Securing a Competitive Advantage
Acquired Home Services’ Spearman estimates the number of mold
testing and remediation companies in his company’s service area at around 30,
up from only three or four just three years ago. “The competition is fierce,”
he says.
Spearman says that when a potential customer calls Acquired Home
Services’ office, company president John Taylor first asks whether any of the
other companies they have talked with use thermal imaging.
“Usually, people say, ‘No, what’s that?’” Spearman
said. “John explains to them exactly what the imager can do and how it’s used.
Nine out of ten times the people will go with us for testing because we have
that imager.”
Doing IR Detective Work
Dean Ragone at All-Risk refers to the use of the company’s thermal
imager for finding water in structures as forensic thermography. His company
actually invoices for thermal imaging using that description, and it is an apt
designation. In many cases thermography has discovered problems that otherwise
would have been overlooked.
Jason Redding of Horizon Restoration cites one such example.
Following an eight-unit apartment fire, the original scope of work issued by
the governing authority did not include removal of the drywall ceiling in one
of the lower units.

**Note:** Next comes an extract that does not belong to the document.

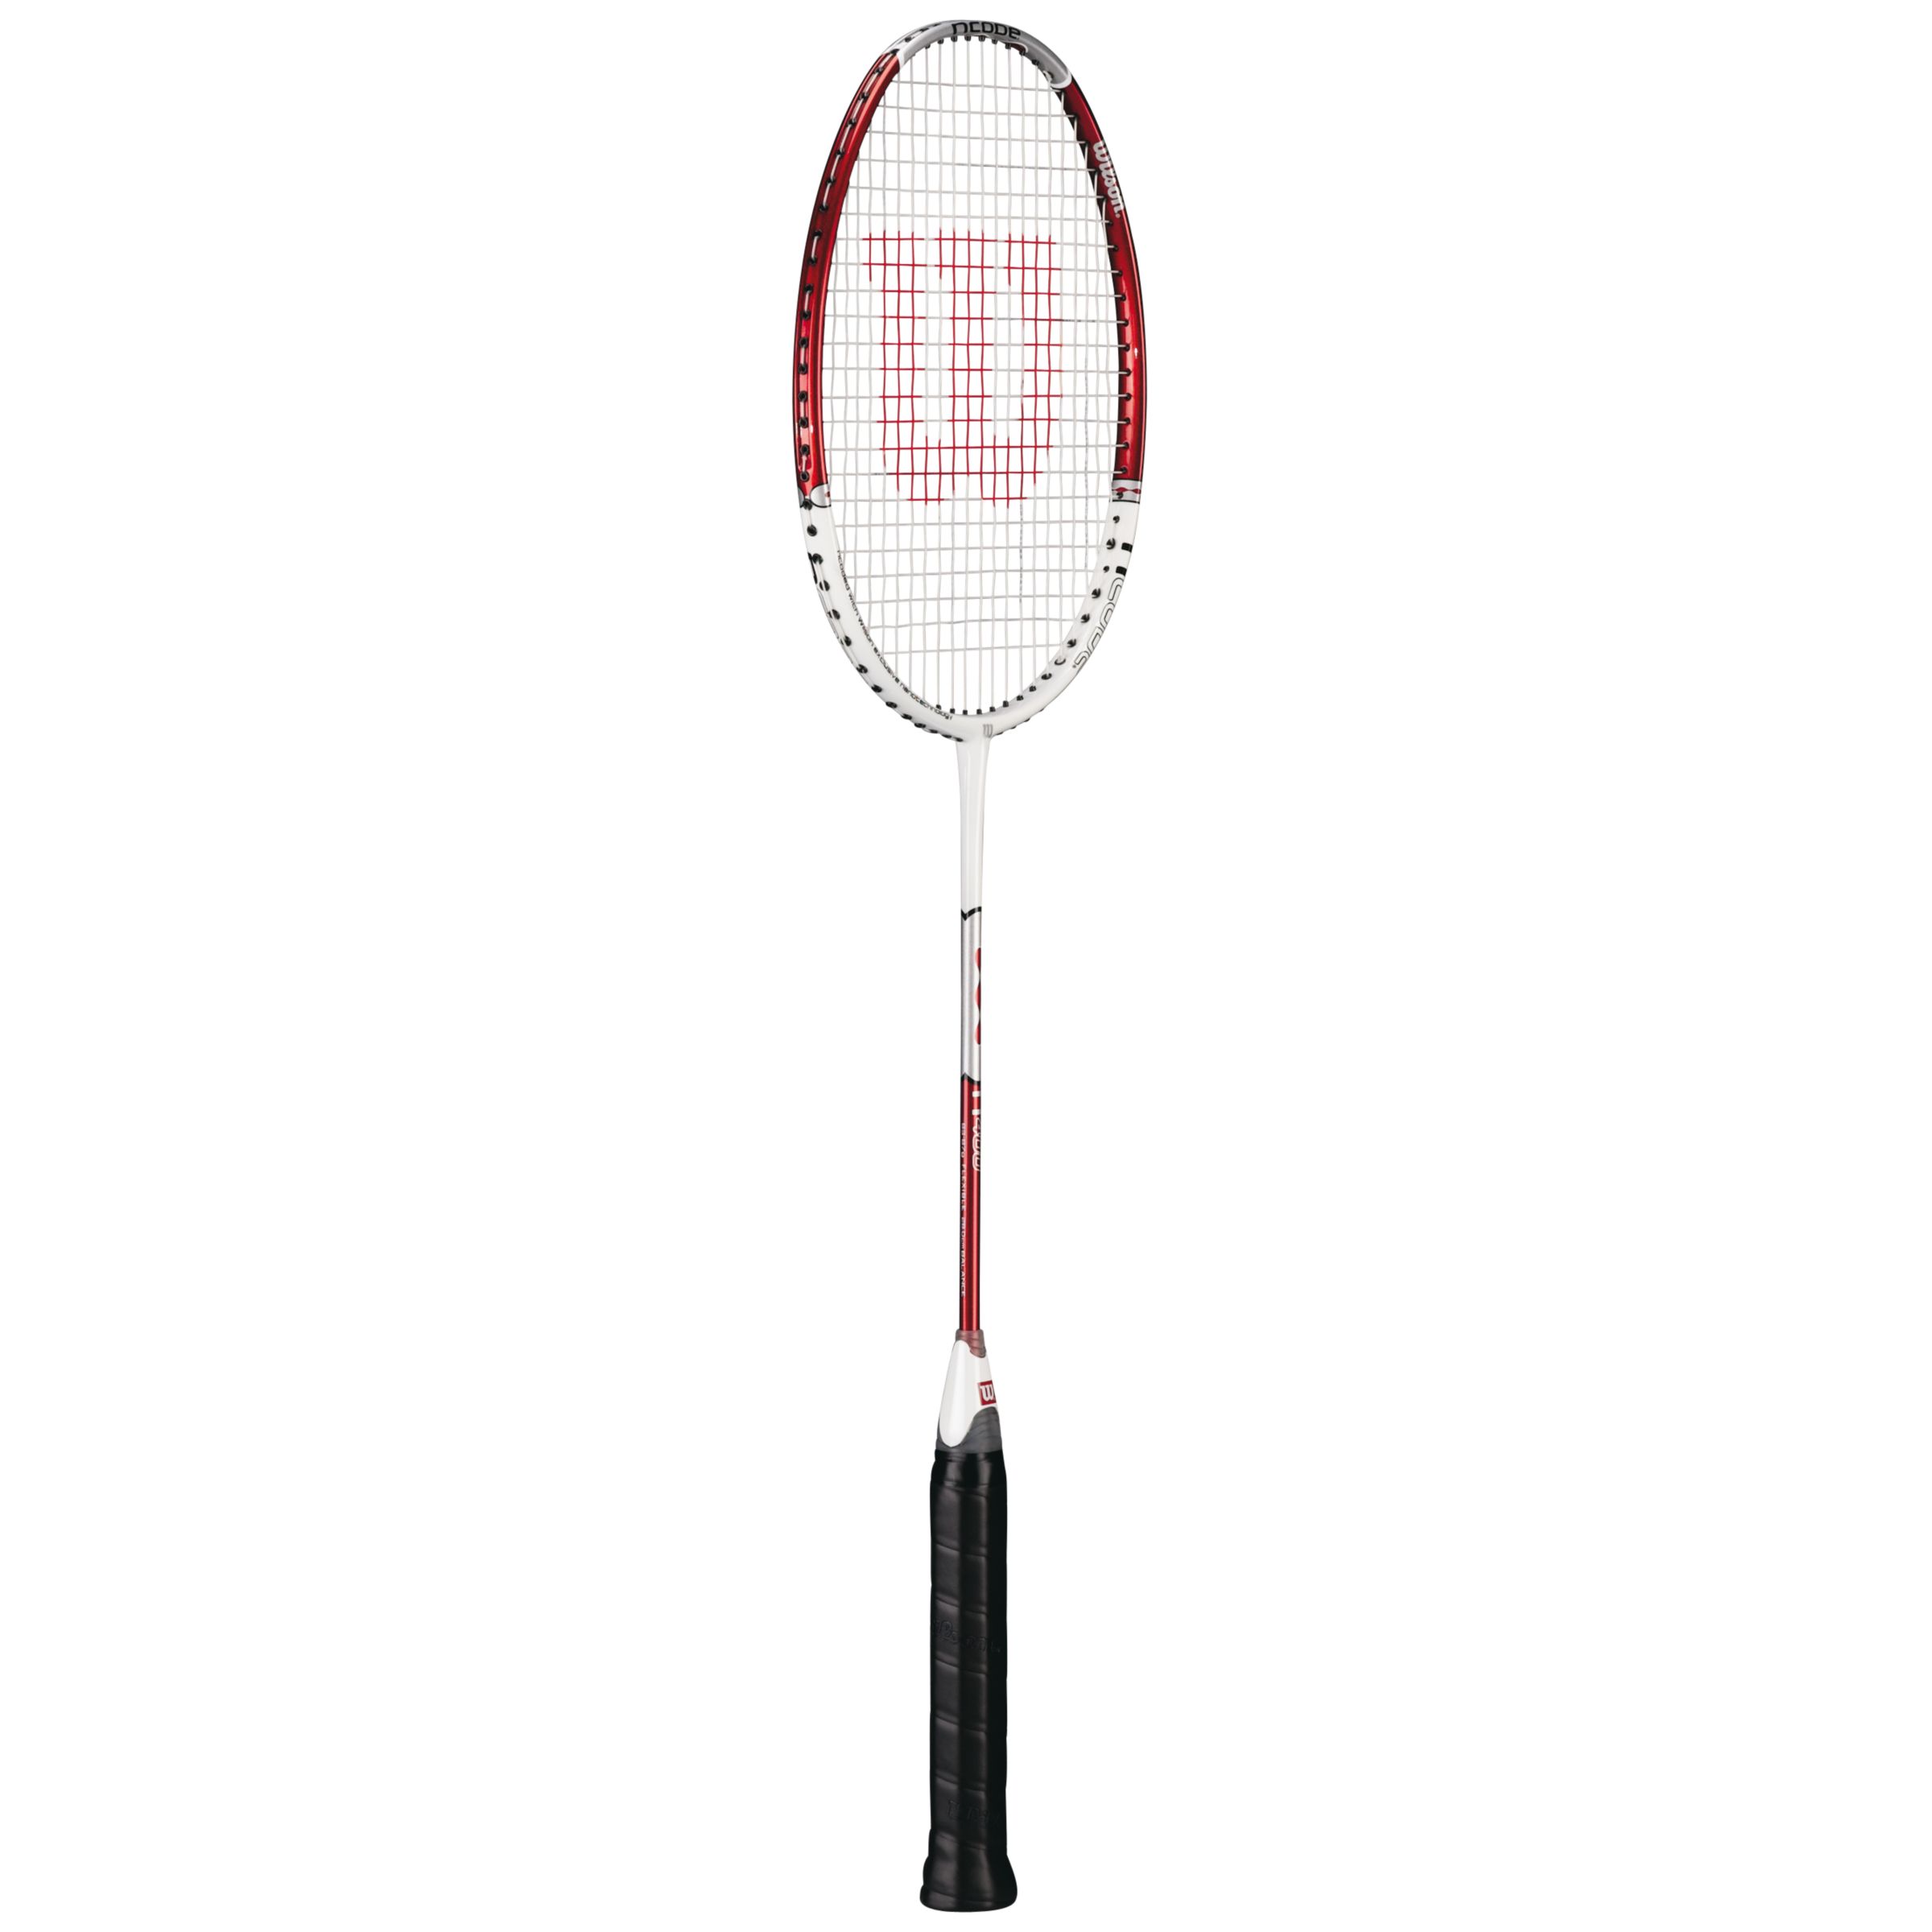 nForce 400 Beginner Badminton Racket

Chris Rossi, one of Horizon’s certified technicians,
decided to check the ceiling of the lower unit. IR images showed temperature
differences in the ceiling, probably due to wetness.
“Using the IR photos and subsequent testing with
moisture meters, we were able to professionally demonstrate to the insurance
company that the ceiling was wet and had to be removed,” Redding says. “The
owner of the building subsequently issued a change order for the removal of the
drywall ceiling in that unit.”
Spearman provides another example of detective work performed using
a thermal imager. A theater room in the finished basement of a
7,000-square-foot home had mold on its walls, discovered by the owners upon
their return from a month-long vacation. The IAQ expert scanned the walls, used
borescopes in the wall cavities and took moisture meter readings. “Everything
was bone dry,” Spearman says. “The relative humidity was a little bit high,
which really concerned me because the air conditioner was on.”
Finally, Spearman scanned the floor, which was covered by a
tight-weave carpet. The imager
revealed a cool spot on the carpet—large, in the middle of the room, but
running diagonally across the carpet. “As it turns out,” Spearman reports, “one
of the water pipes going into this house went underneath the slab, and it had
ruptured. It was coming up through a minute crack in the concrete. The wetness
was invisible to the naked eye, but it was clearly visible to the imager. It
would probably still be a mystery if it had not been for the imager.”